:: Data section

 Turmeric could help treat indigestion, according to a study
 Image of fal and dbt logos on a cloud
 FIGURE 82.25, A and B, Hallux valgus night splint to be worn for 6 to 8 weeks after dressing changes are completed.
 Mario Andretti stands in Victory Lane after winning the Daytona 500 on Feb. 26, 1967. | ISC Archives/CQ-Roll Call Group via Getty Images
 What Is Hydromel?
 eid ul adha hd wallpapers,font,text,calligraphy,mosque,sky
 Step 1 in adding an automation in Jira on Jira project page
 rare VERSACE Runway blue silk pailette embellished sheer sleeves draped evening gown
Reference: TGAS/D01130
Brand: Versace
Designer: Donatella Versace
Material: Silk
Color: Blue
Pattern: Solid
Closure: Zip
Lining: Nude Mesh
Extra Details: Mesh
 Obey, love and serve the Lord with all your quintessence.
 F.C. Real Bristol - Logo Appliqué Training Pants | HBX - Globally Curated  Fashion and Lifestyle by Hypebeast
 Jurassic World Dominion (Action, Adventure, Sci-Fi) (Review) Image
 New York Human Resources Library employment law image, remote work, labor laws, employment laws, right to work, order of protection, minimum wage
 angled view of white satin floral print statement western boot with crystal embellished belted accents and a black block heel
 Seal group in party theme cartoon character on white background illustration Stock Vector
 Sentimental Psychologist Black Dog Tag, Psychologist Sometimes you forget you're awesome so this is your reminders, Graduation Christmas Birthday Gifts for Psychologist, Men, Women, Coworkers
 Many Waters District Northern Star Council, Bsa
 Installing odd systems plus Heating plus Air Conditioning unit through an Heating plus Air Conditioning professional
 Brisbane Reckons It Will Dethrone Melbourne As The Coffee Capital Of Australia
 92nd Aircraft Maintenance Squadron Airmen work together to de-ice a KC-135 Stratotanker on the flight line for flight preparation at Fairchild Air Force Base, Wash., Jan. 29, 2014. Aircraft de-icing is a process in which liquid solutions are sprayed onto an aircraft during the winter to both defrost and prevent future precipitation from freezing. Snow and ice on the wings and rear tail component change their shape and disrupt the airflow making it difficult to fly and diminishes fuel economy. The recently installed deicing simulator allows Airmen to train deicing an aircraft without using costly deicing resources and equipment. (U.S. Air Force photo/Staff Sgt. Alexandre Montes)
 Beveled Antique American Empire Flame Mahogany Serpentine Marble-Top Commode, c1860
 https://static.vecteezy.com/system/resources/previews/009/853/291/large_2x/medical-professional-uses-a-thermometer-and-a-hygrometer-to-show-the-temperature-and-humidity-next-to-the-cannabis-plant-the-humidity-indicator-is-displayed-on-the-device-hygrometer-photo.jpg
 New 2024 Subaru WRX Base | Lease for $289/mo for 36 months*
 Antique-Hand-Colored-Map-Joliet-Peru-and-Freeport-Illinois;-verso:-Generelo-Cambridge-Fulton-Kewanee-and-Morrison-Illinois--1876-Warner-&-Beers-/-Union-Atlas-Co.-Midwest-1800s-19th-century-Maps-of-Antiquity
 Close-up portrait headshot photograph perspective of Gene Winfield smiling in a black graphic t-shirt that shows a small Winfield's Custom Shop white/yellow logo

::::

Exact copies of all the lines above are required.

**Answer box:**
 Turmeric could help treat indigestion, according to a study
 Image of fal and dbt logos on a cloud
 FIGURE 82.25, A and B, Hallux valgus night splint to be worn for 6 to 8 weeks after dressing changes are completed.
 Mario Andretti stands in Victory Lane after winning the Daytona 500 on Feb. 26, 1967. | ISC Archives/CQ-Roll Call Group via Getty Images
 What Is Hydromel?
 eid ul adha hd wallpapers,font,text,calligraphy,mosque,sky
 Step 1 in adding an automation in Jira on Jira project page
 rare VERSACE Runway blue silk pailette embellished sheer sleeves draped evening gown
Reference: TGAS/D01130
Brand: Versace
Designer: Donatella Versace
Material: Silk
Color: Blue
Pattern: Solid
Closure: Zip
Lining: Nude Mesh
Extra Details: Mesh
 Obey, love and serve the Lord with all your quintessence.
 F.C. Real Bristol - Logo Appliqué Training Pants | HBX - Globally Curated  Fashion and Lifestyle by Hypebeast
 Jurassic World Dominion (Action, Adventure, Sci-Fi) (Review) Image
 New York Human Resources Library employment law image, remote work, labor laws, employment laws, right to work, order of protection, minimum wage
 angled view of white satin floral print statement western boot with crystal embellished belted accents and a black block heel
 Seal group in party theme cartoon character on white background illustration Stock Vector
 Sentimental Psychologist Black Dog Tag, Psychologist Sometimes you forget you're awesome so this is your reminders, Graduation Christmas Birthday Gifts for Psychologist, Men, Women, Coworkers
 Many Waters District Northern Star Council, Bsa
 Installing odd systems plus Heating plus Air Conditioning unit through an Heating plus Air Conditioning professional
 Brisbane Reckons It Will Dethrone Melbourne As The Coffee Capital Of Australia
 92nd Aircraft Maintenance Squadron Airmen work together to de-ice a KC-135 Stratotanker on the flight line for flight preparation at Fairchild Air Force Base, Wash., Jan. 29, 2014. Aircraft de-icing is a process in which liquid solutions are sprayed onto an aircraft during the winter to both defrost and prevent future precipitation from freezing. Snow and ice on the wings and rear tail component change their shape and disrupt the airflow making it difficult to fly and diminishes fuel economy. The recently installed deicing simulator allows Airmen to train deicing an aircraft without using costly deicing resources and equipment. (U.S. Air Force photo/Staff Sgt. Alexandre Montes)
 Beveled Antique American Empire Flame Mahogany Serpentine Marble-Top Commode, c1860
 https://static.vecteezy.com/system/resources/previews/009/853/291/large_2x/medical-professional-uses-a-thermometer-and-a-hygrometer-to-show-the-temperature-and-humidity-next-to-the-cannabis-plant-the-humidity-indicator-is-displayed-on-the-device-hygrometer-photo.jpg
 New 2024 Subaru WRX Base | Lease for $289/mo for 36 months*
 Antique-Hand-Colored-Map-Joliet-Peru-and-Freeport-Illinois;-verso:-Generelo-Cambridge-Fulton-Kewanee-and-Morrison-Illinois--1876-Warner-&-Beers-/-Union-Atlas-Co.-Midwest-1800s-19th-century-Maps-of-Antiquity
 Close-up portrait headshot photograph perspective of Gene Winfield smiling in a black graphic t-shirt that shows a small Winfield's Custom Shop white/yellow logo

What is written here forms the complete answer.